Long Non-Coding RNAs Play a Role in the Pathogenesis of Psoriatic Arthritis by Regulating MicroRNAs and Genes Involved in Inflammation and Metabolic Syndrome.

Psoriatic arthritis (PsA) is an inflammatory arthritis, characterized by inflammation of entheses and synovium, leading to joint erosions and new bone formation. It affects 10-30% of patients with psoriasis, and has an estimated prevalence of approximately 1%. PsA is considered to be primarily an autoimmune disease, driven by autoreactive T cells directed against autoantigens present in the skin and in the joints. However, an autoinflammatory origin has recently been proposed. Long noncoding RNAs (IncRNAs) are RNAs more than 200 nucleotides in length that do not encode proteins.
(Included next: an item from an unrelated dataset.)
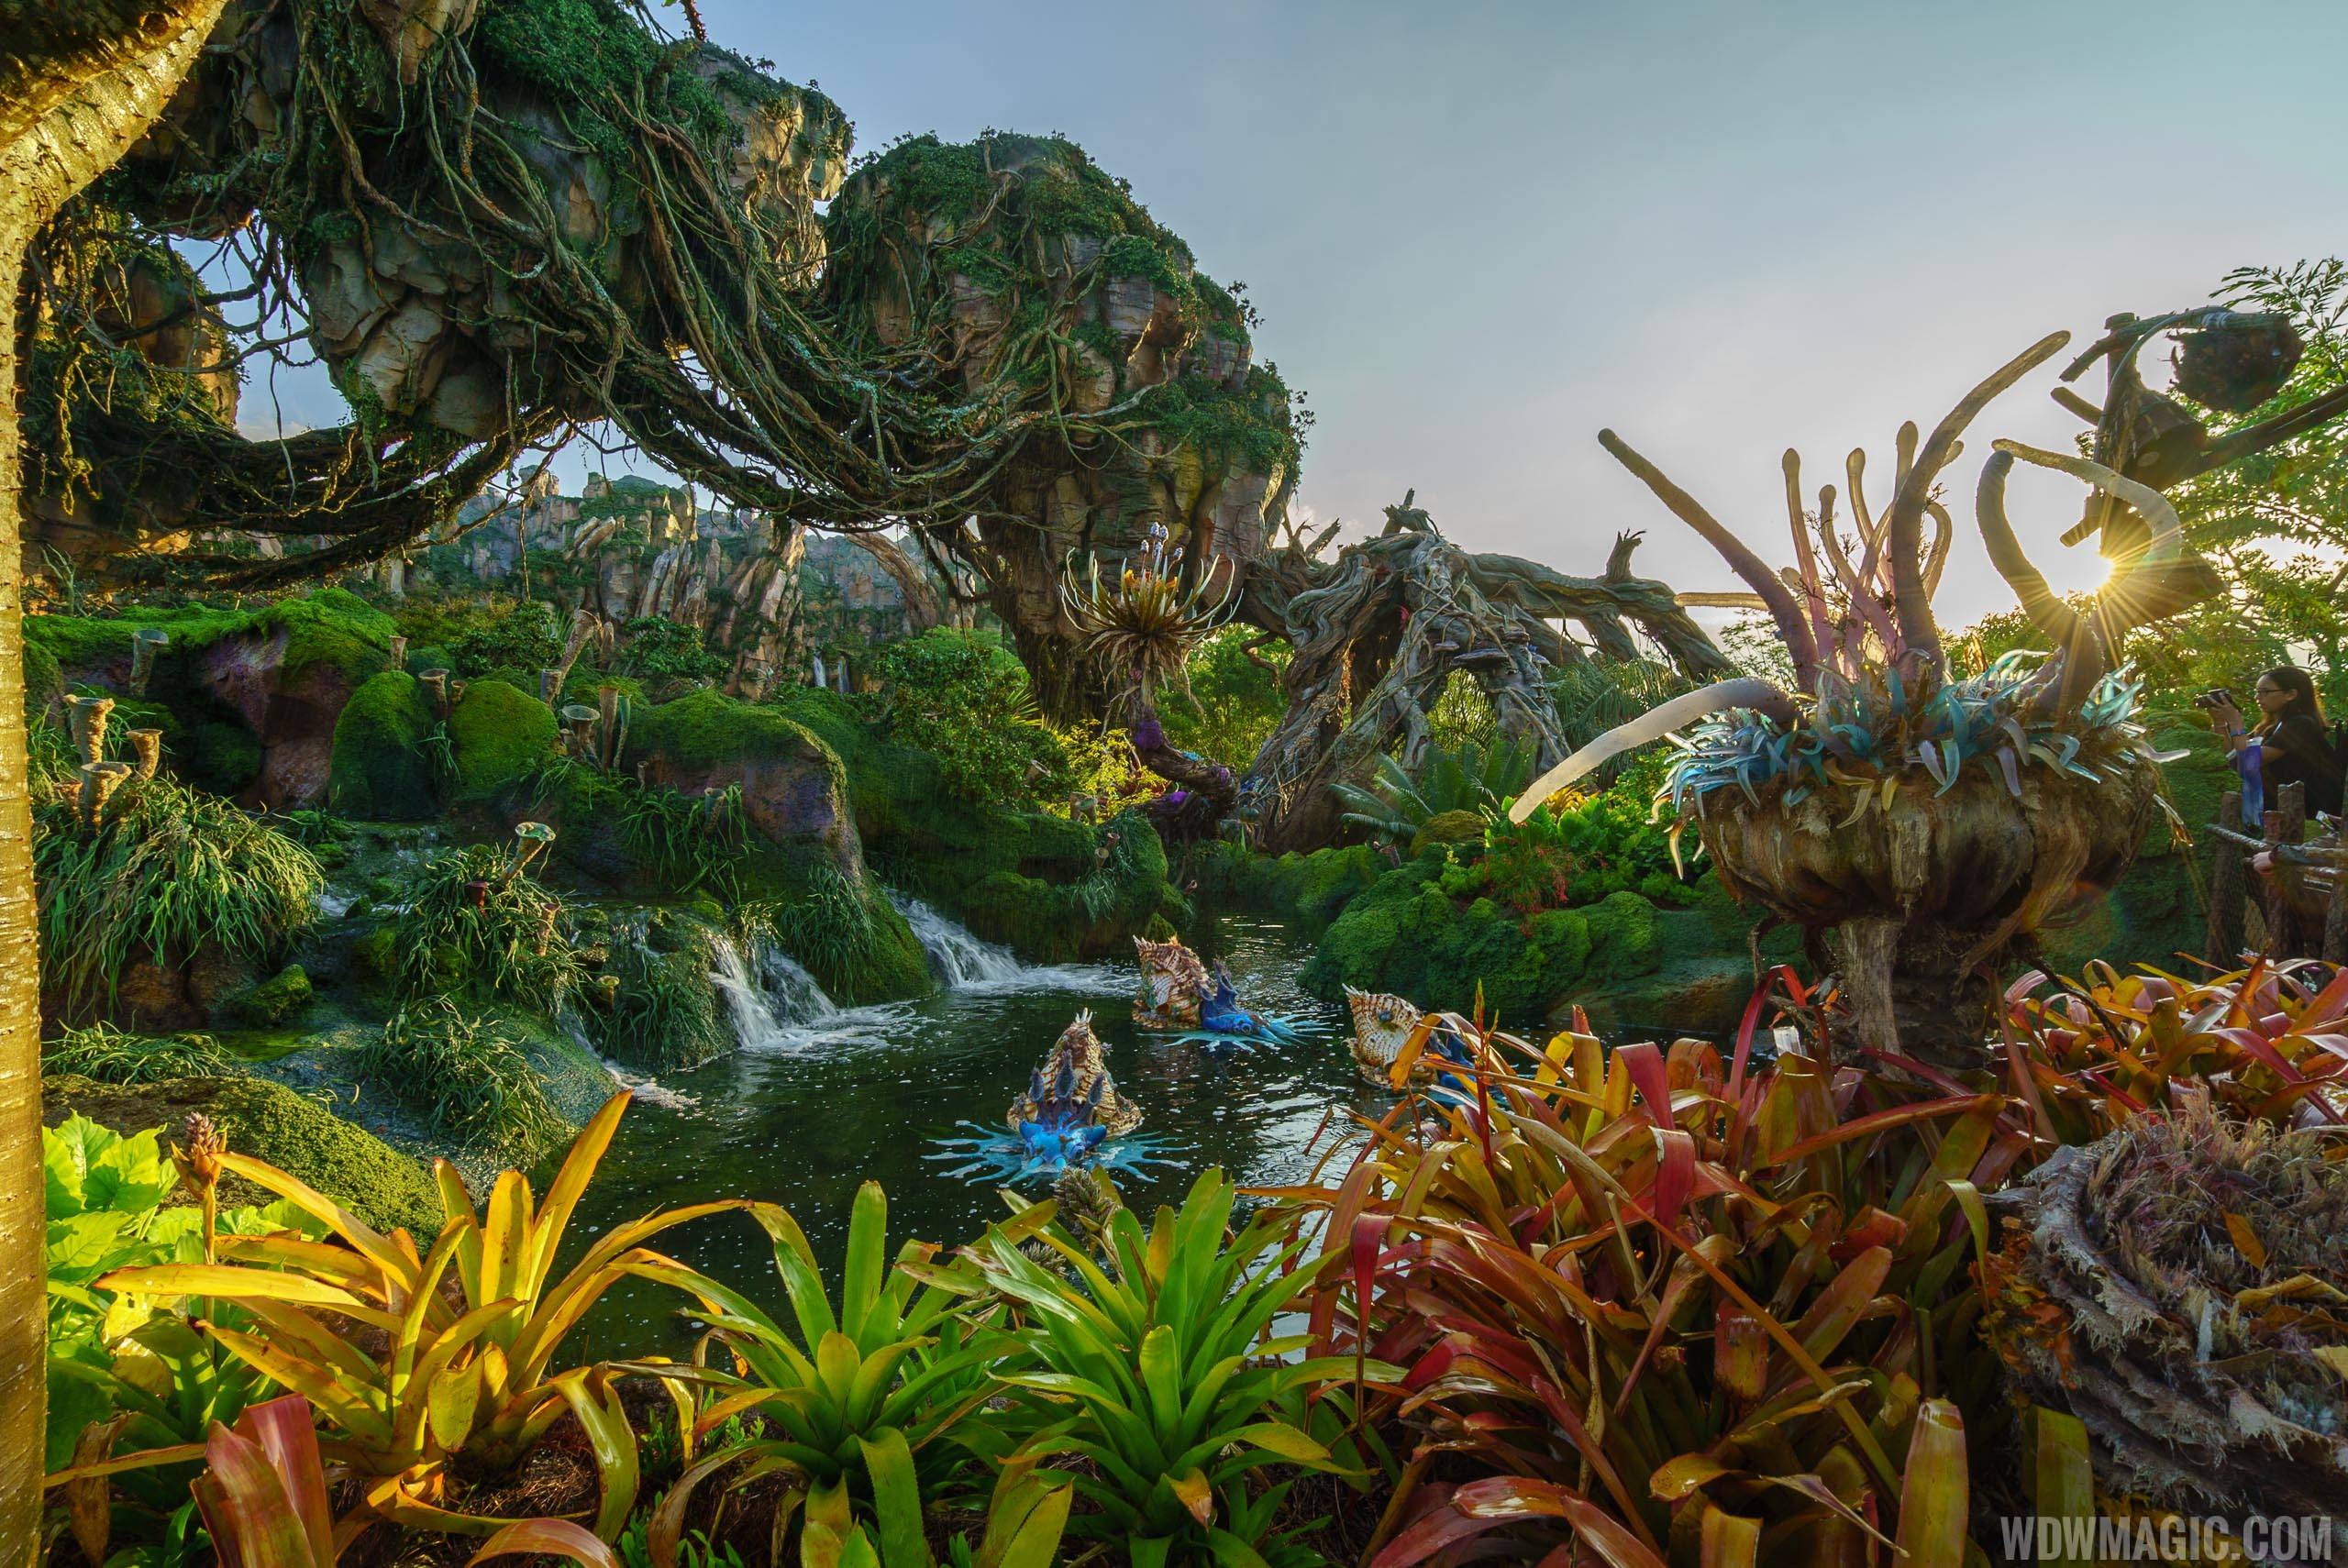 Cast of 'Avatar: The Way of Water' returns to Pandora at Disney's Animal Kingdom

LncRNAs play important roles in several biological processes, including chromatin remodeling, transcription control, and post-transcriptional processing. Several studies have shown that IncRNAs are expressed in a stage-specific or lineage-specific manner in immune cells that have a role in the development, activation, and effector functions of immune cells. LncRNAs are thought to play a role in several diseases, including autoimmune disorders. Indeed, a few IncRNAs have been identified in systemic lupus erythematosus, rheumatoid arthritis, and psoriasis. Although several high-throughput studies have been performed to identify IncRNAs, their biological and pathological relevance are still unknown, and most transcriptome studies in autoimmune diseases have only assessed protein-coding transcripts. No data are currently available on IncRNAs in PsA. Therefore, by microarray analysis, we have investigated the expression profiles of more than 50,000 human IncRNAs in blood samples from PsA patients and healthy controls using Human Clariom D Affymetrix chips, suitable to detect rare and low-expressing transcripts otherwise unnoticed by common sequencing methodologies. Network analysis identified IncRNAs targeting highly connected genes in the PsA transcriptome. Such genes are involved in molecular pathways crucial for PsA pathogenesis, including immune response, glycolipid metabolism, bone remodeling, type 1 interferon, wingless related integration site, and tumor necrosis factor signaling. Selected IncRNAs were validated by RT-PCR in an expanded cohort of patients. Moreover, modulated genes belonging to meaningful pathways were validated by RT-PCR in PsA PBMCs and/or by ELISA in PsA sera. The findings indicate that IncRNAs are involved in PsA pathogenesis by regulating both microRNAs and genes and open new avenues for the identification of new biomarkers and therapeutical targets.